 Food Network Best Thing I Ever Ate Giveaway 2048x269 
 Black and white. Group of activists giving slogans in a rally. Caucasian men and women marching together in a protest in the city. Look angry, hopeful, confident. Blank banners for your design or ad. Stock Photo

* * *

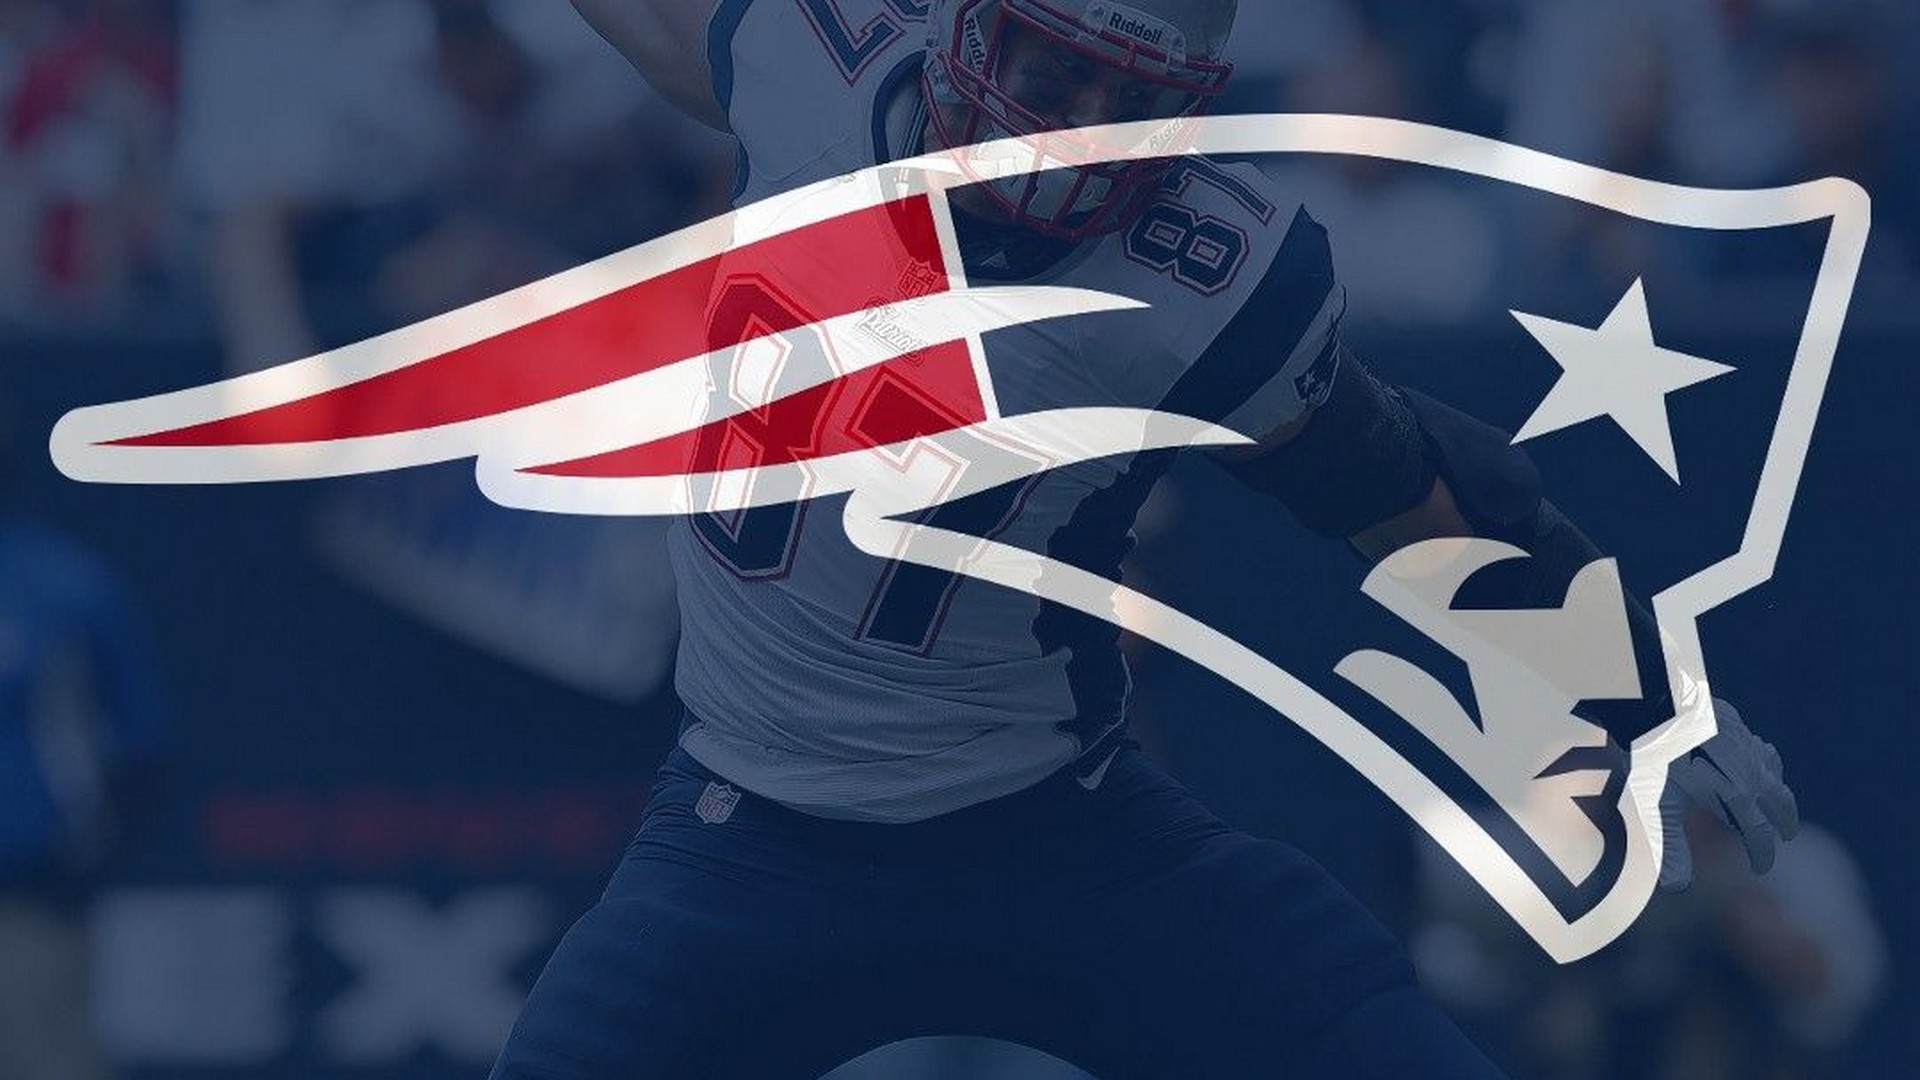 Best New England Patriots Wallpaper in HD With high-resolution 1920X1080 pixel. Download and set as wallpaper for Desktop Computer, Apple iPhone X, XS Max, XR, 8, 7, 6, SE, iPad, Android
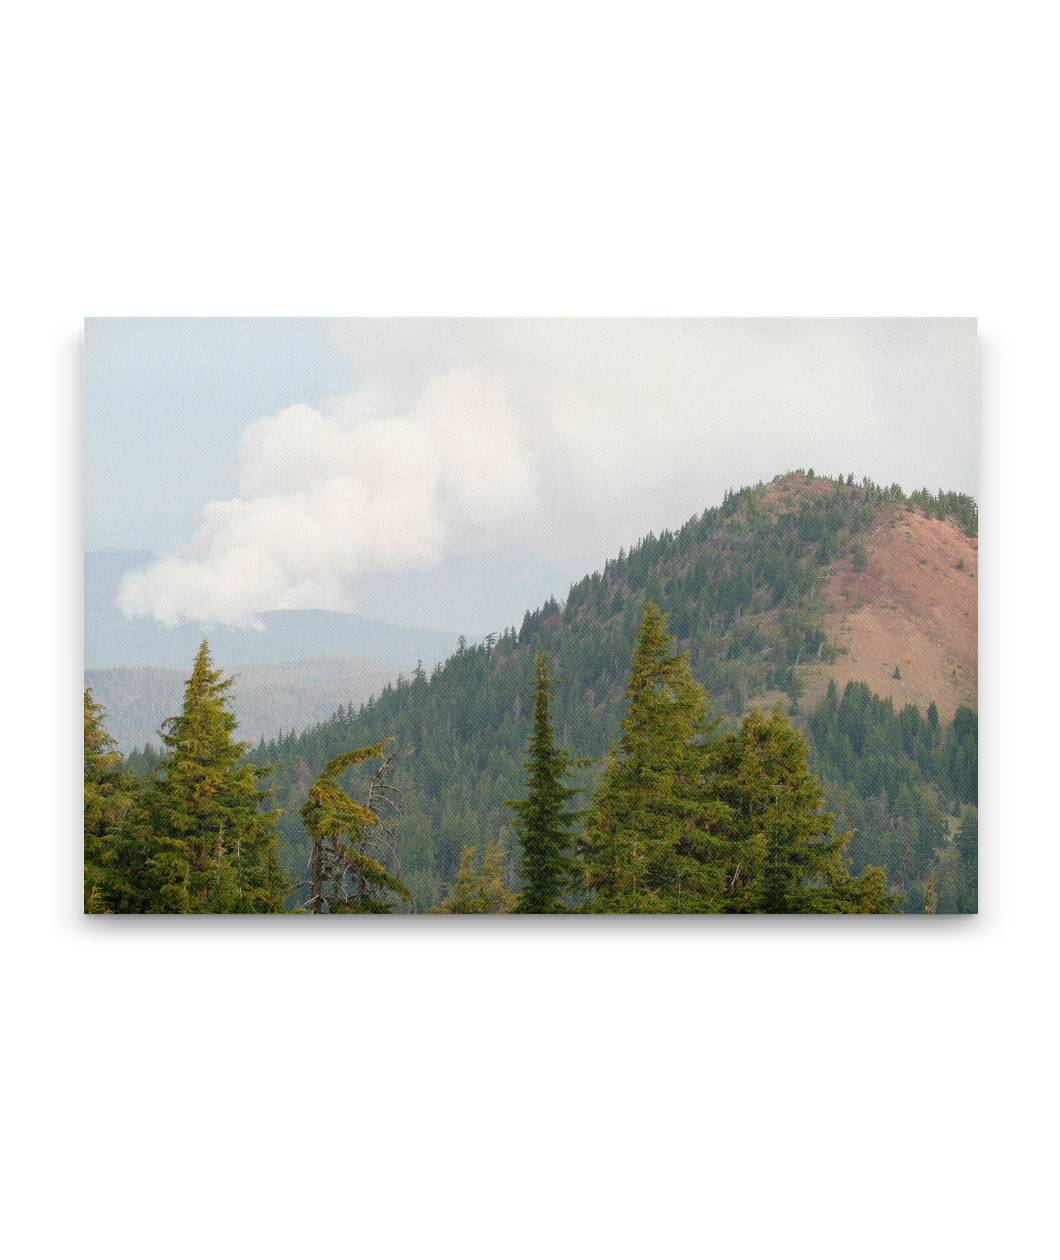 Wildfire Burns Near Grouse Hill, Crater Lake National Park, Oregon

## Exercise requirements:
Retype the portion of the data above that starts on the line with "Food Network Best" and finishes on the line with "Black and white.", including both of those lines.

## Problem solution:
 Food Network Best Thing I Ever Ate Giveaway 2048x269 
 Black and white. Group of activists giving slogans in a rally. Caucasian men and women marching together in a protest in the city. Look angry, hopeful, confident. Blank banners for your design or ad. Stock Photo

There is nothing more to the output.